PUBLISHED: 12:03 04 April 2013

Belsize Library reopens. Picture: Nigel Sutton

Belsize Library reopens. Picture: Nigel Sutton

© Nigel Sutton email pictures@nigelsuttonphotography.com

Campaigners who saved their libraries from closure have hailed the support of their communities as they mark 12 months since Camden Council cut them off.

Three libraries were handed to voluntary groups one year ago this week after they were axed as council-run services as part of a bid to save £2million.

In their first year, all three have re-opened and managed to recruit large teams of volunteers and raise some of the cash that will keep them going once an initial tranche of transition funding, totalling £342,000, runs out.

But key figures behind both Keats Community Library and Primrose Hill Community Library warned there are still plenty of challenges ahead – and reiterated the belief that other libraries should not be expected to follow their example.

Philippa Jackson, a board member of Primrose Hill Community Library, said: “It was quite daunting when we started. We had no idea if we were going to be able to bring in the revenue needed.

“One year on, it has been just brilliant. We have proved quite a few doubters wrong and we have just had huge goodwill from the whole community.”

The former Chalk Farm Library, in Sharpleshall Street, Primrose Hill, has recruited more than 70 volunteers and raised nearly £600,000. It officially reopened in October, operating four days per week, and has 815 members.

However, Ms Jackson said there are still questions over whether the project will be sustainable in the long-term.

“The council will start charging rent after six years,” she said. “If it starts charging us £25,000, as has been suggested, we would not be able to keep going.”

She said the group is still firmly committed to the belief that “all libraries should be publicly funded”.

She added: “This is not a model that can be replicated anywhere else and it’s not something for people to say others should follow.

“It’s quite unique to be able to raise so much from crowd funding, and it’s not something you could do in less affluent areas.”

Belsize Community Library in Antrim Road, Belsize Park, is run by the Friends of Belsize Library and youth charity The Winch.

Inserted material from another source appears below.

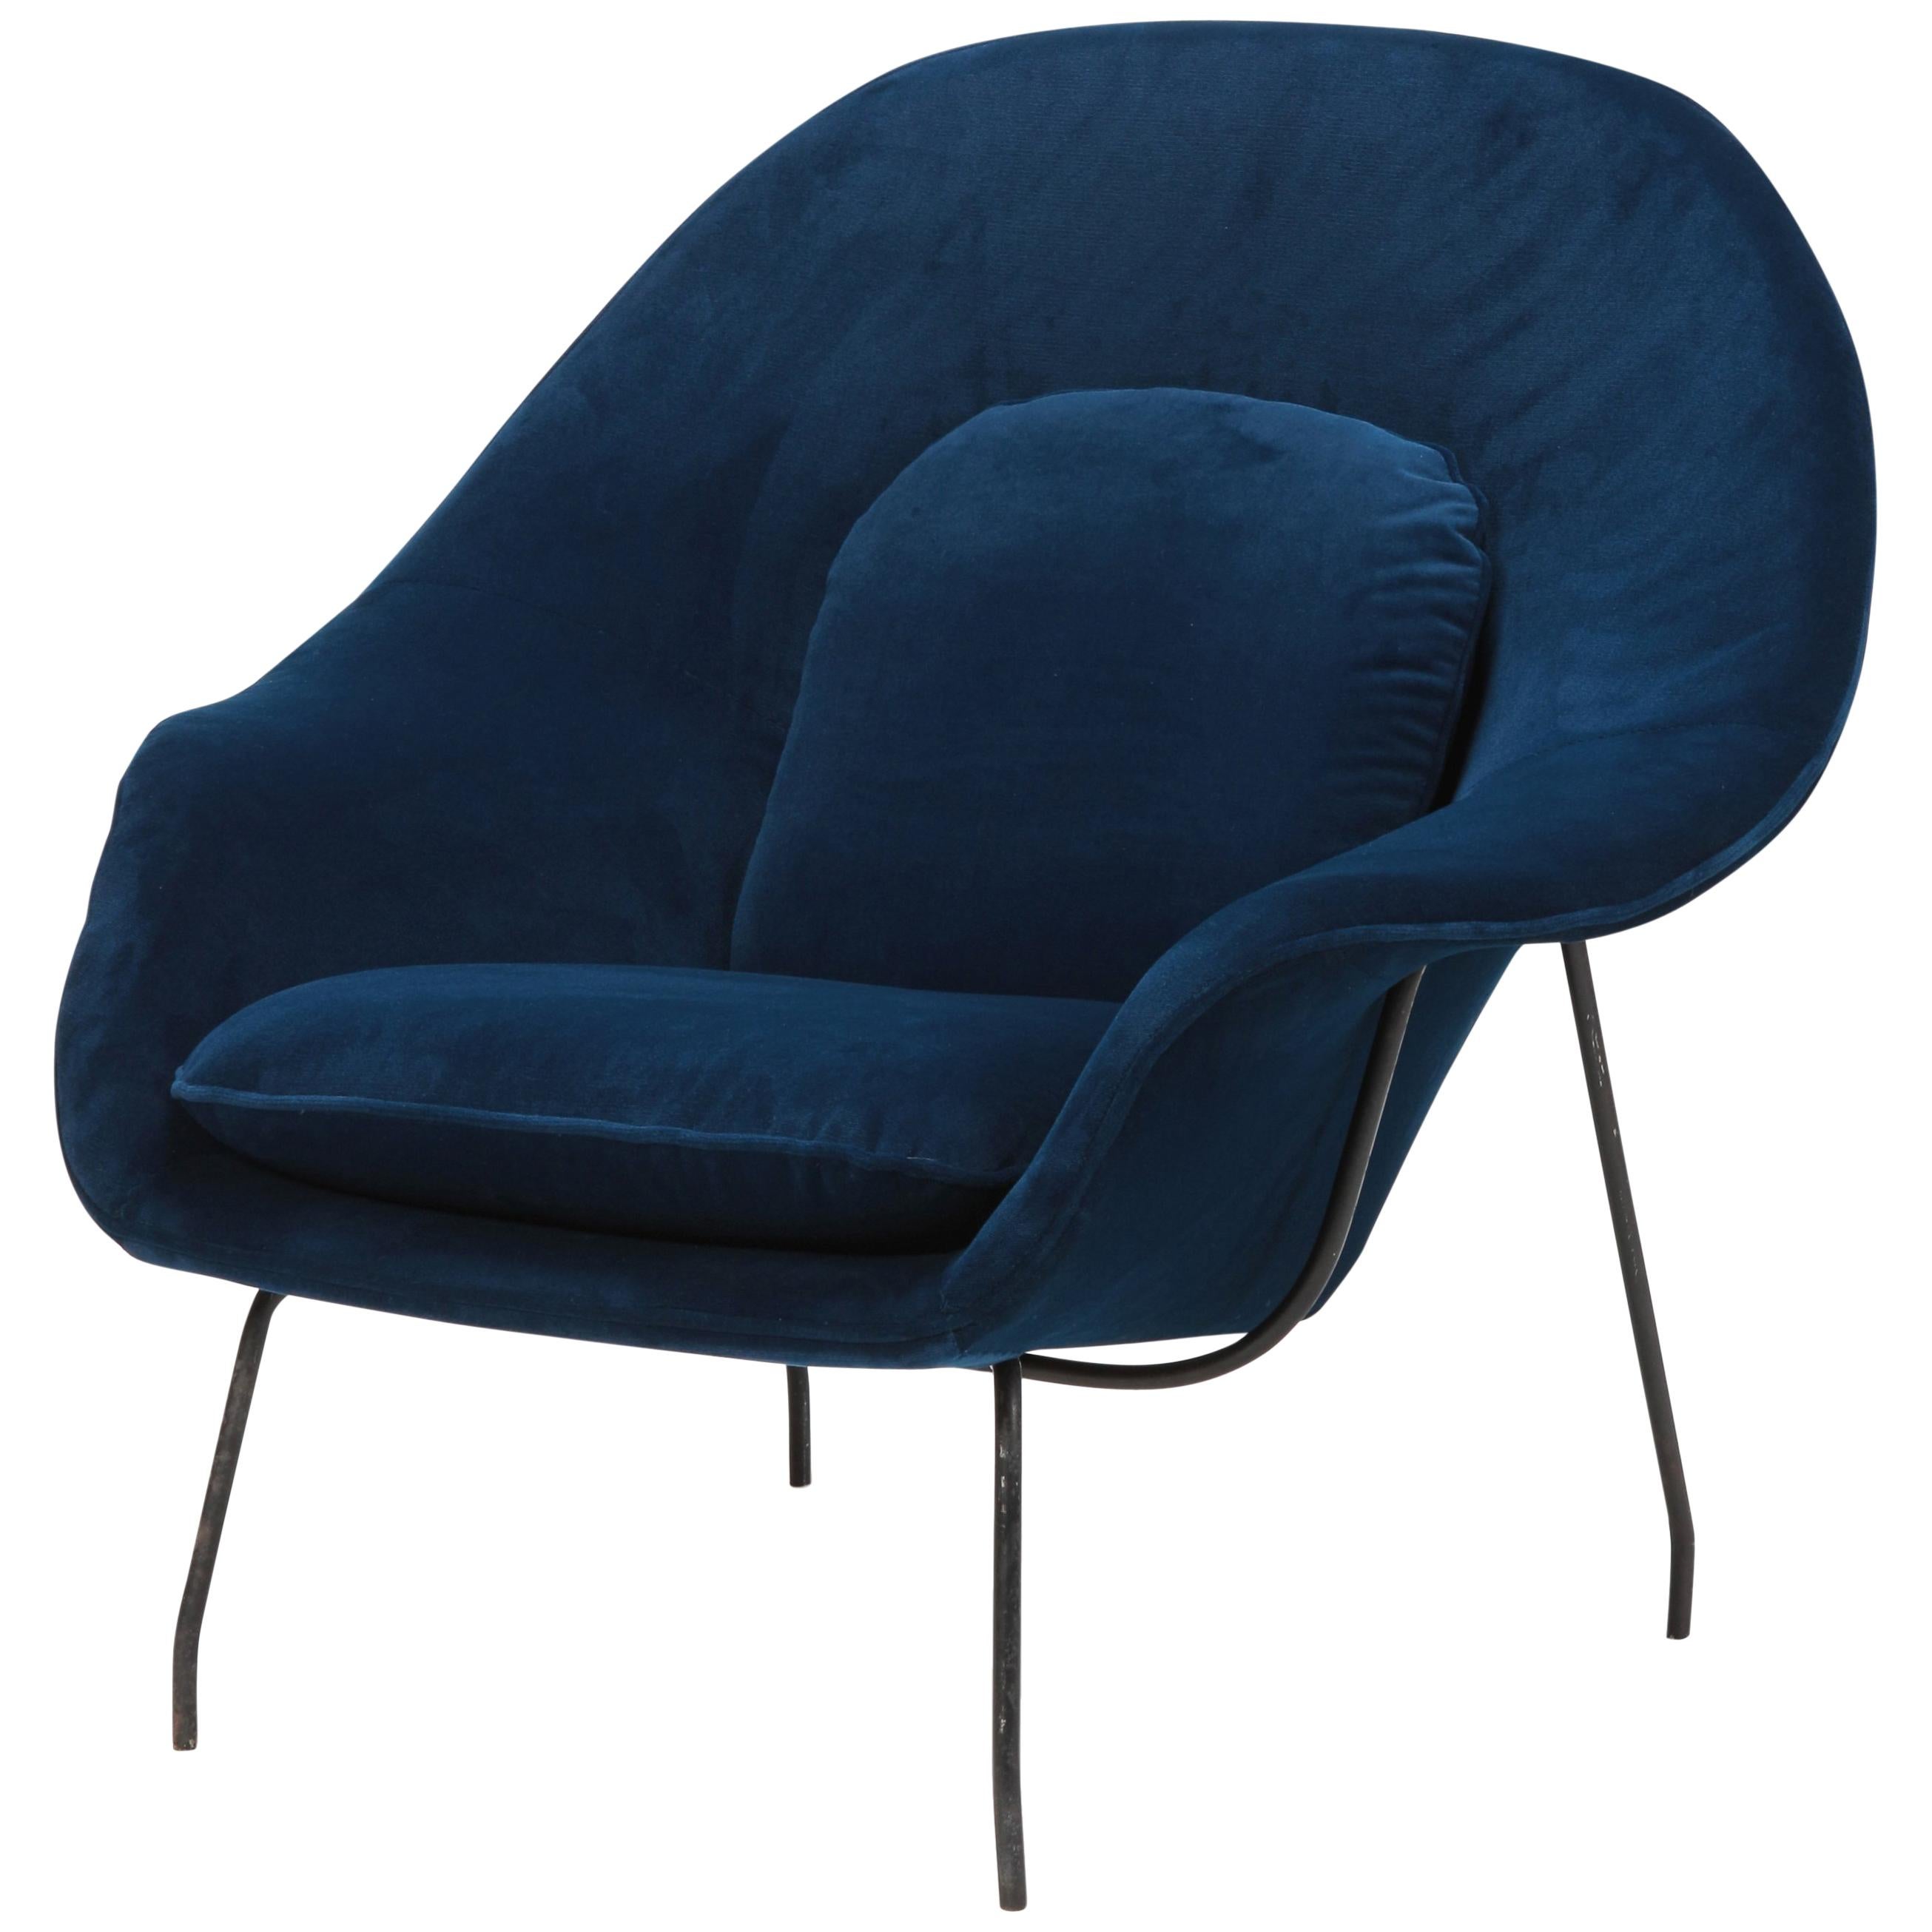 Eero Saarinen Womb Chair Knoll Int. 1950s

It opens twice a week but hopes to extend that to six days eventually.

Paul Perkins, chief executive of The Winch, said: “It’s been an excellent year and it’s been great to reopen the library. At the same time, there are still challenges around sustainability.”

The community libraries have been cut off from the centralised book lending service, which Mr Perkins said was a significant blow.

Keats Community Library, formerly Heath Library, in Keats Grove, Hampstead, is now open 42 hours per week.